Sejak Ada Aplikasi Ojek dan Taksi, Penghasilan Angkutan Konvensional Merosot

Polemik Ojek dan Taksi Online di Kota Malang

Ratusan armada terdiri dari angkot dan taksi konvensional terparkir di sekitar Balai Kota Malang. (Muhammad Choirul)
Ratusan armada terdiri dari angkot dan taksi konvensional terparkir di sekitar Balai Kota Malang. (Muhammad Choirul)

MALANGVOICE – Ratusan sopir angkot dan taksi konvensional menolak keberadaan ojek dan taksi berbasis online. Hal ini disebabkan merosotnya penghasilan mereka, sejak ada moda transportasi yang terkoneksi dengan aplikasi.

“Tidak ada transportasi online saja kami sudah kembang-kempis, apalagi sekarang. Bahkan sehari pernah hanya bawa pulang uang Rp 5.000,” kata Saipul, sopir Taksi Mandala, Senin (20/2)

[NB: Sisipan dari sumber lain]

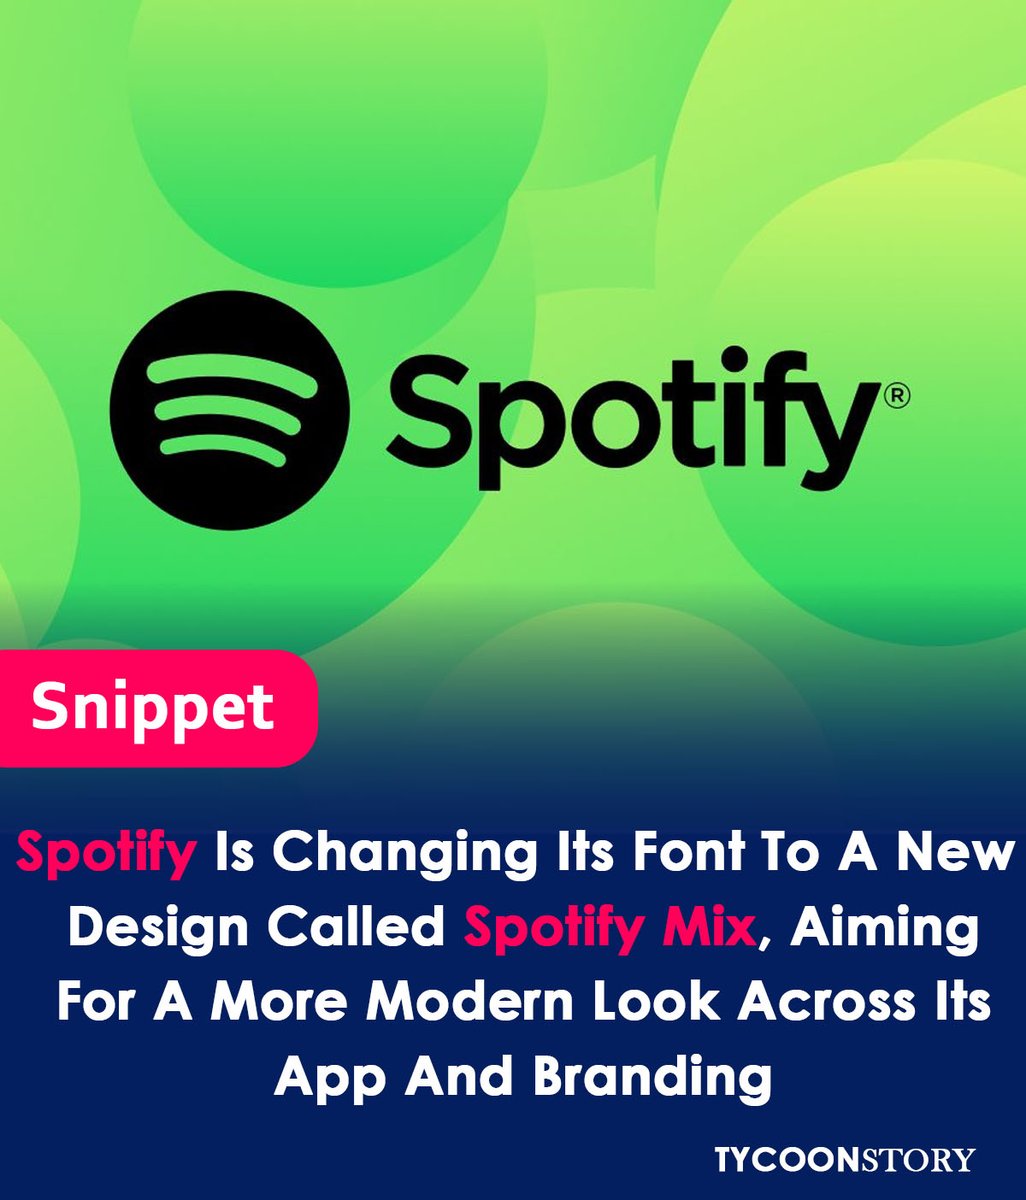 Spotify Gets a Makeover: Introducing Spotify Mix, the New Font for Your Eyes #FontDesign #BrandingUpdate #VisualIdentity #Typography #DesignRefresh #SpotifyMix #SpotifyRedesign #GoodbyeCircular #SpotifyLookandFeel #MoreThanMusic #VariableFont @Spotify tycoonstory.com

Hal senada diungkapkan Tohir, sopir angkot. “GoJek dan ojek beda, kami tidak mempermasalahkan ojek konvensional karena mereka tidak mengambil segmentasi kami,” katanya.

Sementara itu, menurut dia, moda transportasi berbasis online seperti GoJek, Uber dan Grab, mengambil segmentasi yang sama dengan angkutan umum konvensional. “Segmentasi sama, dan mereka pakai aplikasi, kami tidak. Mereka tarif murah, kami ditentukan,” imbuhnya.

Dia khawatir, jika keberadaan transportasi online dibiarkan, akan terjadi konflik horizontal. Apalagi, beberapa waktu lalu sempat terjadi perusakan angkot bertrayek AL oleh sekelompok oknum beratribut GoJek.

“Berhari-hari sudah ribut sampai ada kaca pecah. Kami dibenturkan pasar yang sama, ini arus bawah sudah panas dan semua sudah tahu itu,” pungkasnya.